After (5 lines + macro):

#[derive(DynamoDbRepository)]
#[repository(
    entity = "LeadEntity",
    domain = "Lead",
    event = "LeadEvent",
    table = "crm_leads",
    gsi_name_lookup = "gsi1_by_name",  // Optional
    multi_item = true,  // METADATA + LIST_ITEM pattern
)]
pub struct DynamoDbLeadRepository;

Generated methods: new(client), save(aggregate), find_by_id(id), list(tenant_id, capsule_id), delete(id), and find_by_name(name) when gsi_name_lookup is specified.

3.3 CachedRepository (Performance)

Before (150 lines per cached repository):

pub struct CachedLeadRepository<R: LeadRepository> {
    inner: Arc<R>,
    cache: Arc<Cache<LeadId, Arc<Lead>>>,
}

impl<R: LeadRepository> CachedLeadRepository<R> {
    pub fn new(inner: R) -> Self {
        let cache = Cache::builder()
            .max_capacity(10_000)
            .time_to_live(Duration::from_secs(300))
            .build();

        Self {
            inner: Arc::new(inner),
            cache: Arc::new(cache),
        }
    }
}

#[async_trait]
impl<R: LeadRepository + Send + Sync> LeadRepository for CachedLeadRepository<R> {
    async fn save(&self, aggregate: &Lead) -> Result<()> {
        self.inner.save(aggregate).await?;
        self.cache.invalidate(&aggregate.id);  // Write-invalidate
        Ok(())
    }

    async fn find_by_id(&self, id: &LeadId) -> Result<Option<Lead>> {
        if let Some(cached) = self.cache.get(id) {
            return Ok(Some((*cached).clone()));
        }

        let result = self.inner.find_by_id(id).await?;

        if let Some(ref aggregate) = result {
            self.cache.insert(id.clone(), Arc::new(aggregate.clone()));
        }

        Ok(result)
    }

    // ... 100 more lines for list(), delete(), invalidate(), etc.
}

After (3 lines + macro):

#[derive(CachedRepository)]
#[cache(
    repository = "DynamoDbLeadRepository",
    domain = "Lead",
    id_type = "LeadId",
    max_capacity = 10_000,
    ttl_secs = 300,
)]
pub struct CachedLeadRepository;

Generated features: read-through caching on find_by_id(), write-invalidate on save() and delete(), TTL-based expiration, and LRU eviction via Moka.

4. Defect: GSI Query Generation

Defect: The initial DynamoDbRepository macro generated code that did not handle GSI queries correctly.Root cause: The macro generated Query operations without specifying the GSI name via .index_name().

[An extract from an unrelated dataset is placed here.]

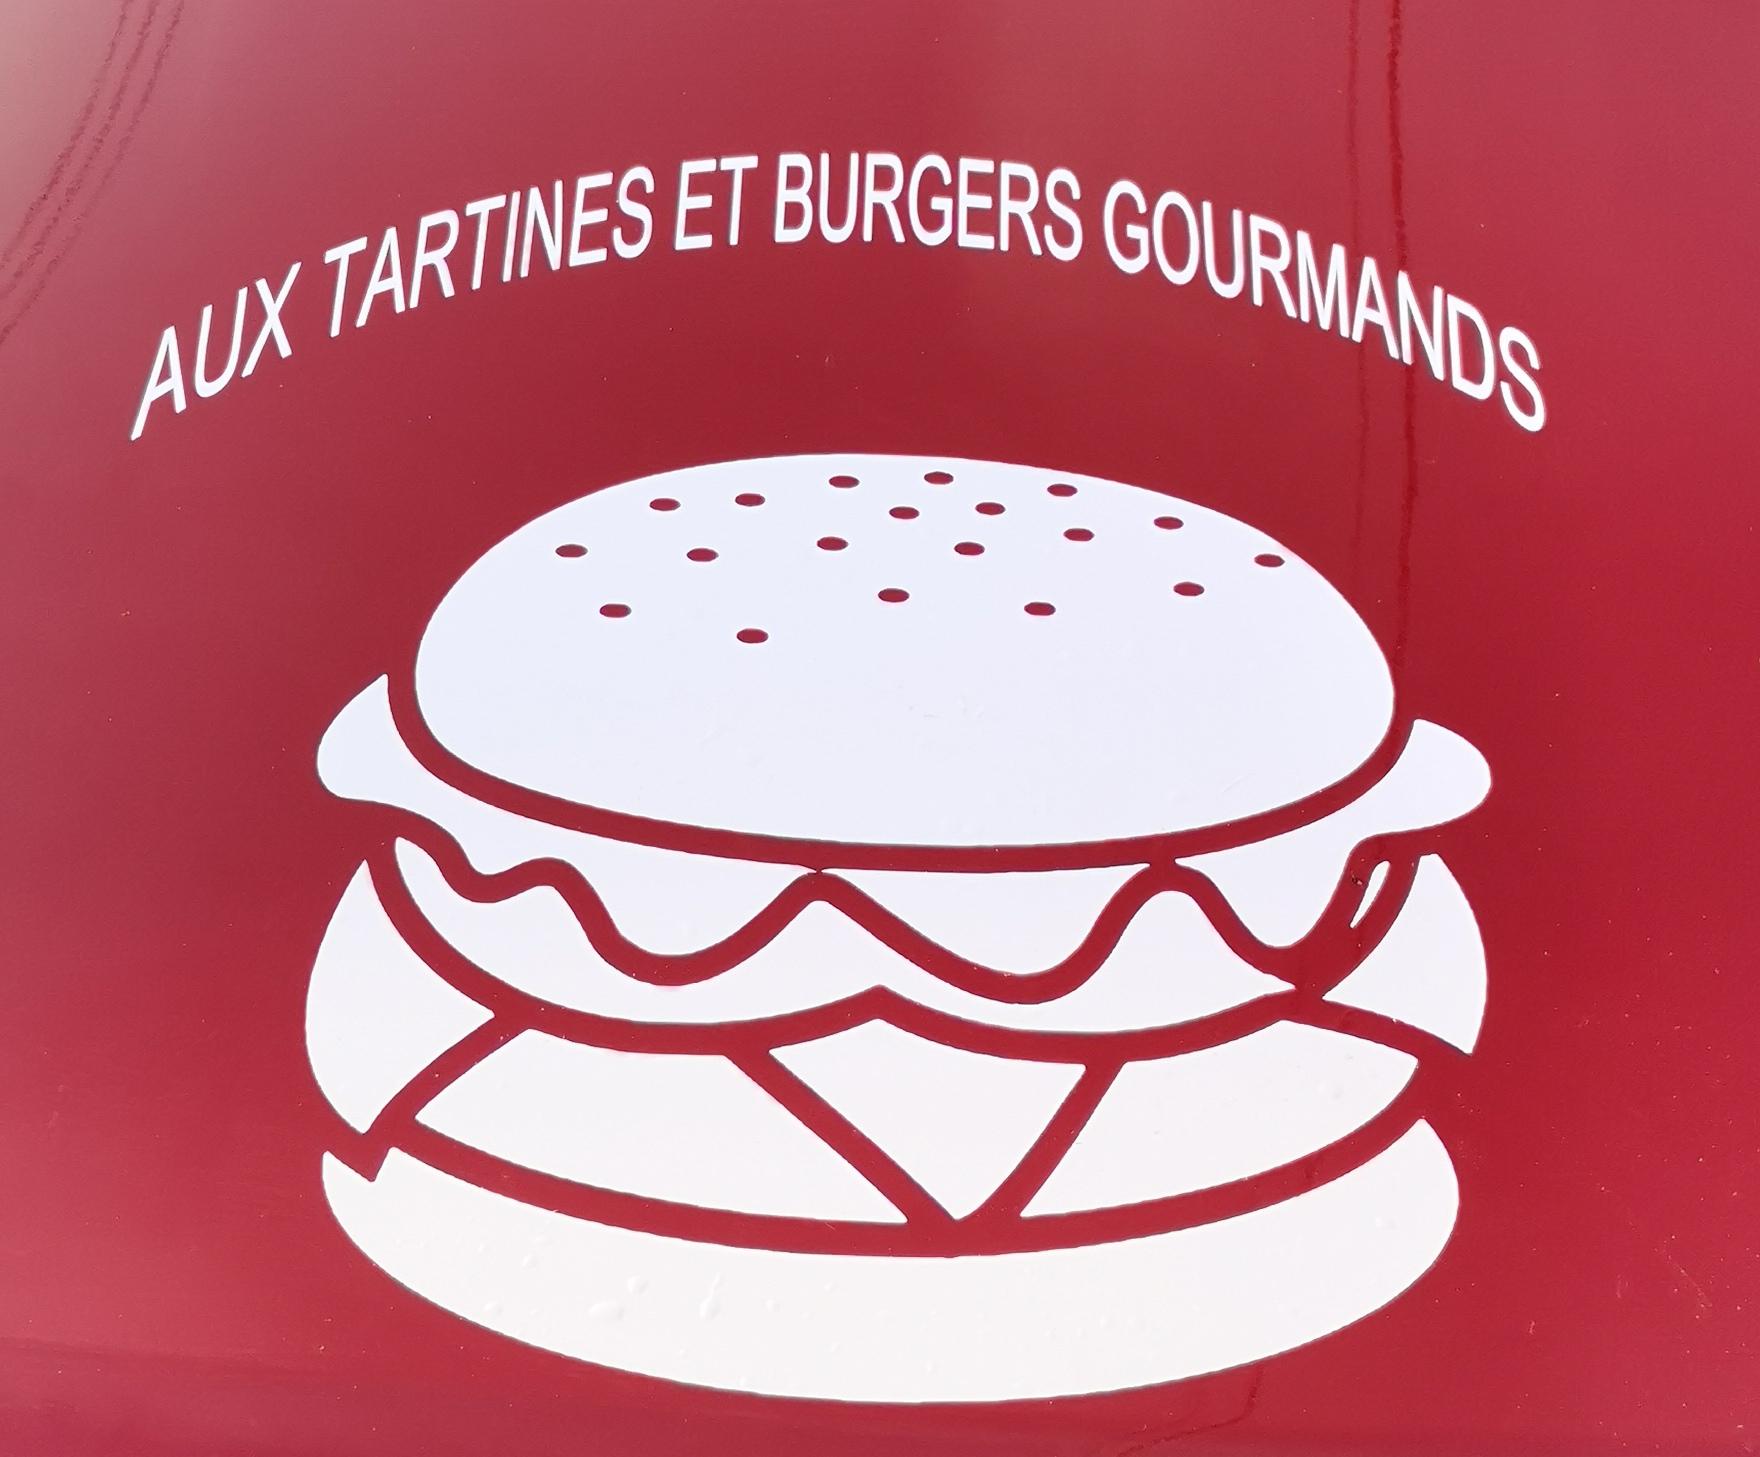 Aux tartines et burgers gourmands
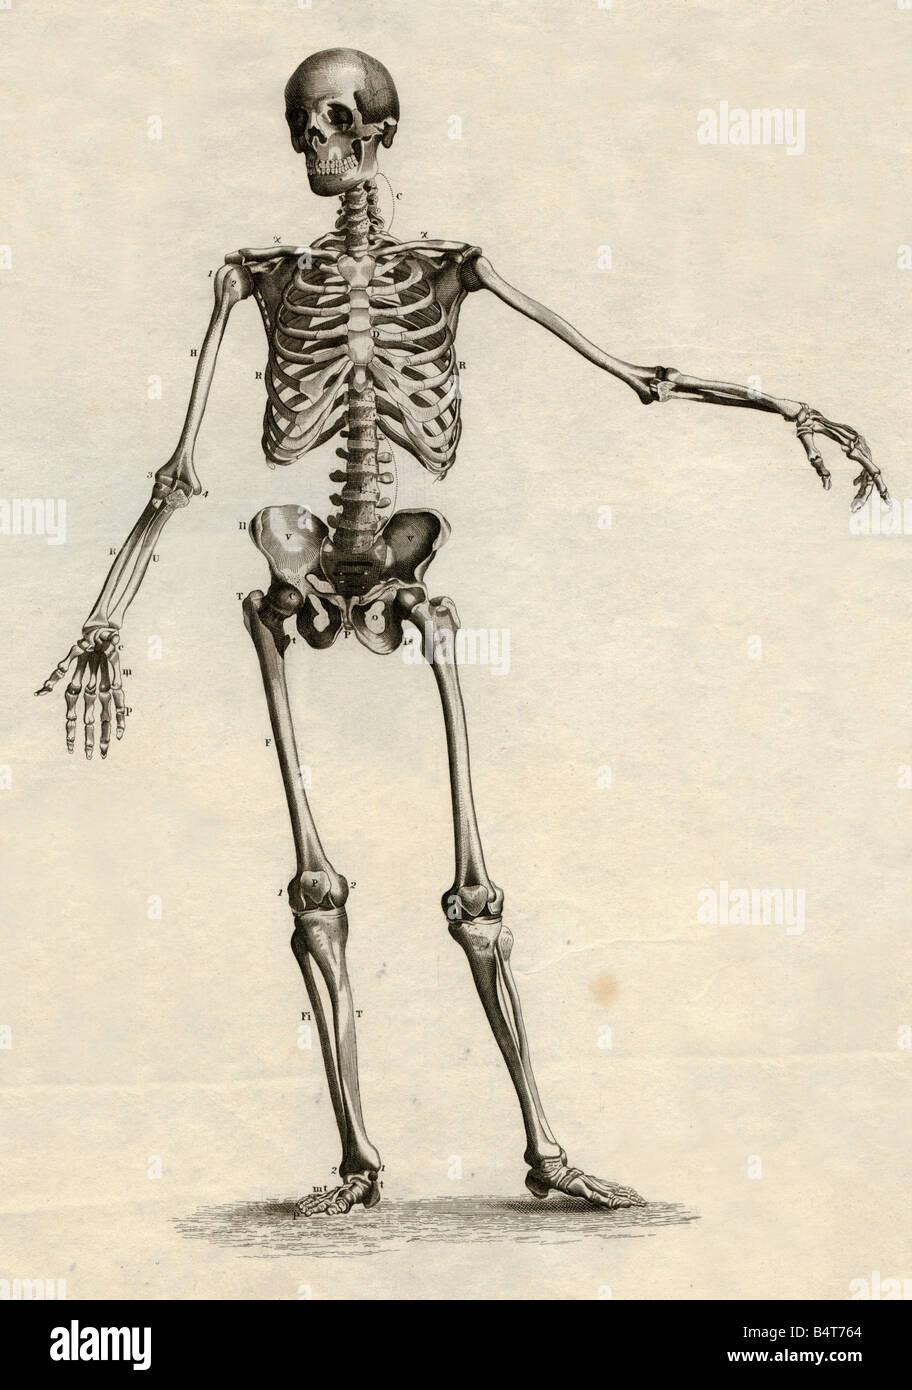 Medizin, Anatomie, Skelett / Knochen, Skelett, Stahl-Gravur ...

Queries were directed at the primary table instead of the GSI.How it was identified: Attribute validation added to the macro during review:

#[proc_macro_derive(DynamoDbRepository, attributes(repository))]
pub fn derive_dynamodb_repository(input: TokenStream) -> TokenStream {
    let attrs = parse_attrs(&input)?;

    // Validate: if gsi_name_lookup is specified, ensure GSI exists
    if let Some(gsi_field) = &attrs.gsi_name_lookup {
        if attrs.gsi_index_name.is_none() {
            return compile_error!(
                "gsi_name_lookup requires gsi_index_name attribute"
            );
        }
    }

    // Generate code...
}

Principle: AI generates working code for the common path but does not validate that configuration attributes are mutually consistent. Proc macros require explicit compile-time checks for every configuration dependency.

5. Test Helper Generation

The DomainAggregate macro generates test helper methods exclusively in test compilation contexts (#[cfg(test)]), ensuring zero runtime overhead in production binaries:

#[cfg(test)]
mod tests {
    use super::*;

    #[test]
    fn test_lead_creation() {
        // Macro-generated test fixture
        let mut lead = Lead::test_fixture("tenant-123", "PRODUS");

        lead.update_name("New Name".to_string());

        // Macro-generated assertions
        lead.assert_uncommitted_events(1);
        lead.assert_last_event_type("lead_updated");
    }

    #[test]
    fn test_event_replay() {
        let events = vec![
            LeadEvent::test_created(/* ... */),
            LeadEvent::test_updated(/* ... */),
        ];

        let lead = Lead::replay(events).unwrap();

        assert_eq!(lead.name, "Updated Name");
        assert_eq!(lead.version, 1);
    }
}

Generated test helpers: test_fixture(), test_created() / test_updated() event constructors, assert_uncommitted_events(), assert_last_event_type(), and assert_roundtrip() for serialization verification.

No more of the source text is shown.